Here is the code I am using to do this:
void bkg_DoWork(object sender, DoWorkEventArgs e)
{
try
{
string file = File.ReadAllText(this.txt_CompressFilename.Text);
int olength = file.Length;
int nlength = 0;
decimal pct = 0;
string lastchar = "";
int count = 0;
List<RepeatingPattern> SinglePatterns = new List<RepeatingPattern>();
List<RepeatingPattern> DoublePatterns = new List<RepeatingPattern>();
List<RepeatingPattern> TriplePatterns = new List<RepeatingPattern>();
List<RepeatingPattern> QuadruplePatterns = new List<RepeatingPattern>();
UpdateProgress("Read file contents", 0, 1, 6);
UpdateProgress("Finding single character replacements.", pct, 1, 6);
//single character replaces.
for (int i = 0; i < olength; i++)
{
if (file[i].ToString() == lastchar)
count += 1;
else
{
//create a pattern, if the count is more than what a pattern's compressed pattern looks like to save space... 8 chars
//[a#$%#]
if (count > 7)
{
//create and add a pattern to the list if necessary.

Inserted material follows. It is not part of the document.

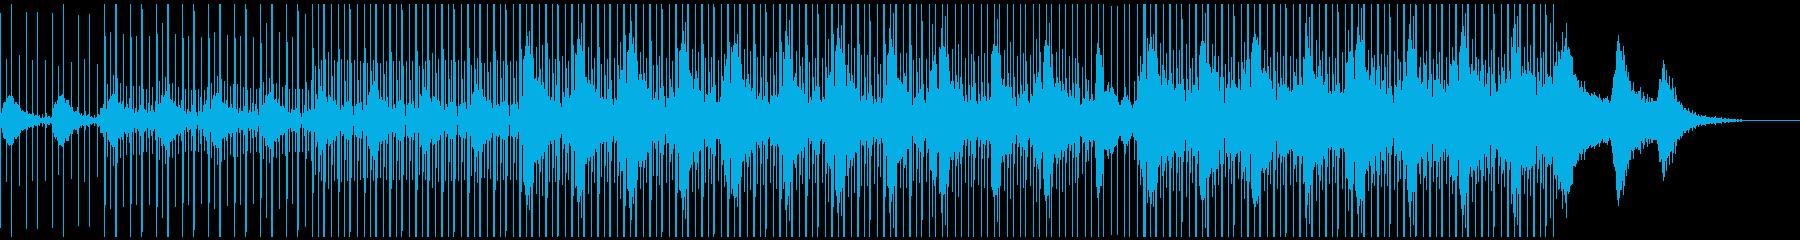 Boards of Canada風BGMの再生済みの波形
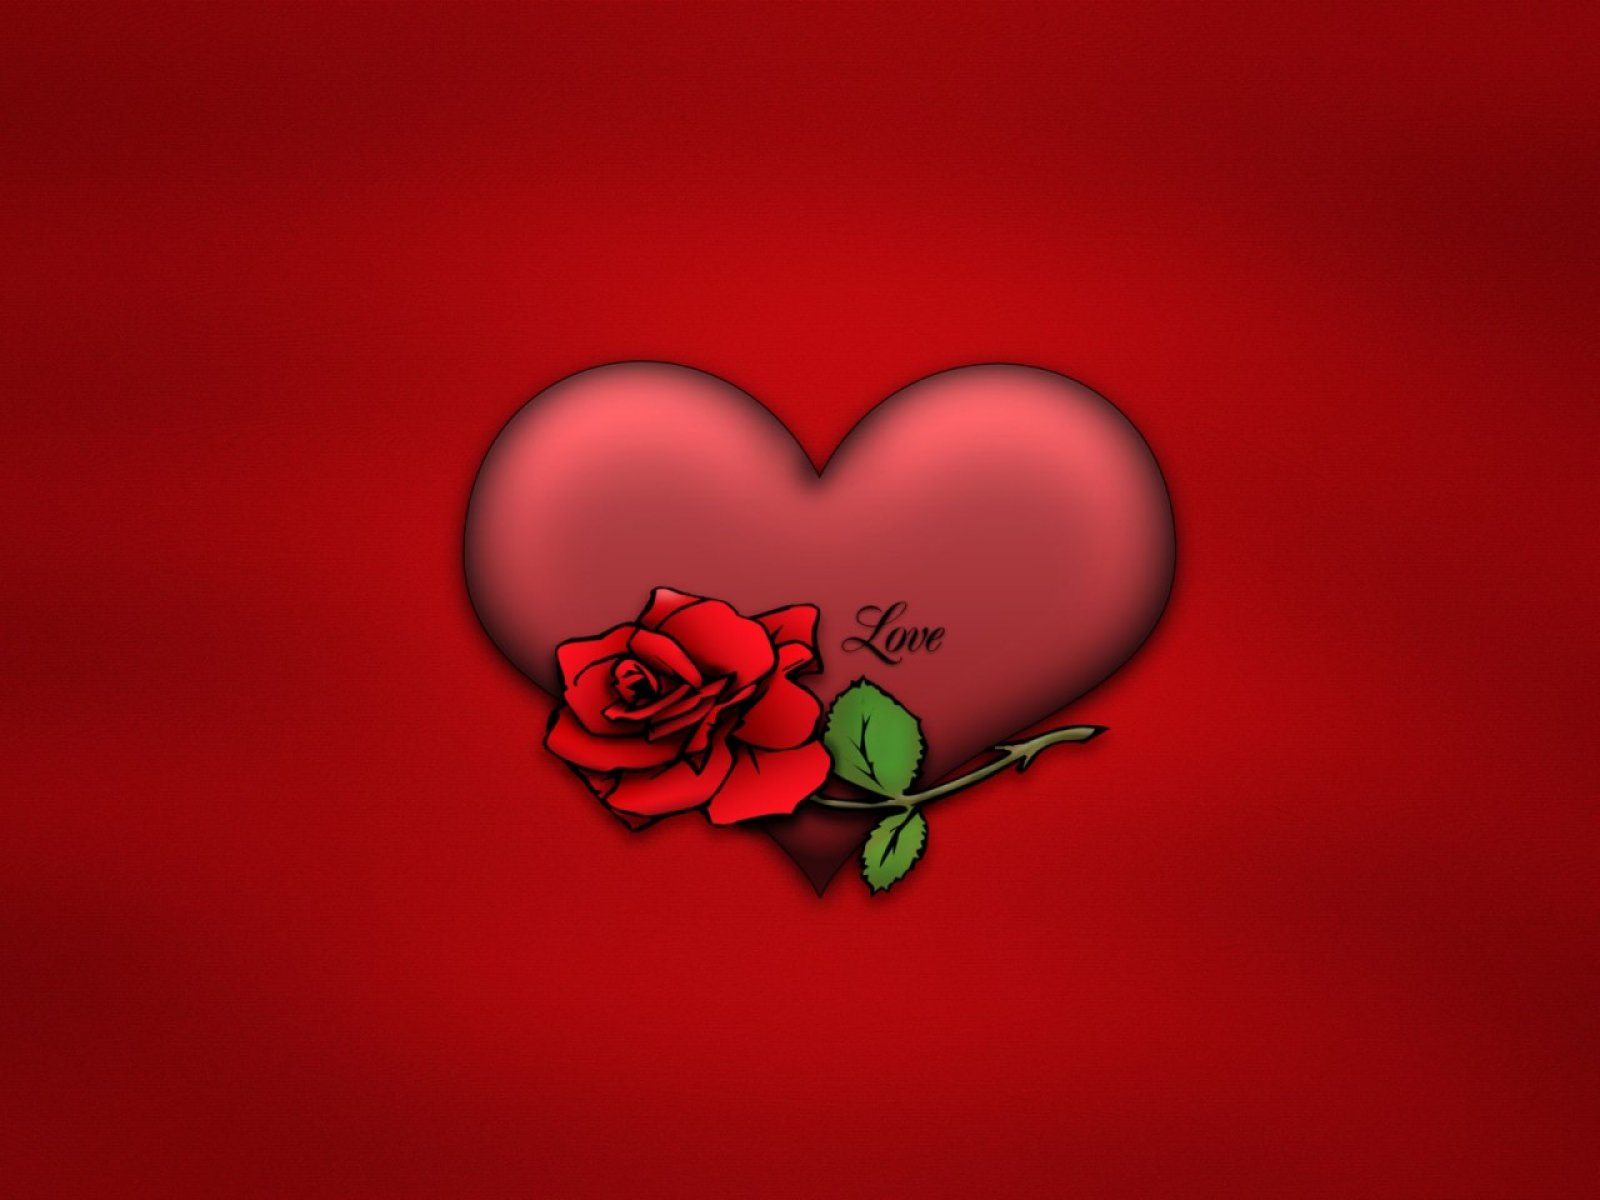 page size 1600x1200 desktop wallpaper of valentine love 1600x1200

RepeatingPattern ptn = new RepeatingPattern(lastchar.ToString(), count);
if (!SinglePatterns.Contains(ptn))
SinglePatterns.Add(ptn);
}
count = 0;
lastchar = file[i].ToString();
}
}
//handle possible trailing pattern
if (count > 7)
{
//create and add a pattern to the list if necessary.
RepeatingPattern ptn = new RepeatingPattern(lastchar.ToString(), count);
if (!SinglePatterns.Contains(ptn))
SinglePatterns.Add(ptn);
}
if (SinglePatterns.Count > 0)
for (int i = 0; i < SinglePatterns.Count; i++)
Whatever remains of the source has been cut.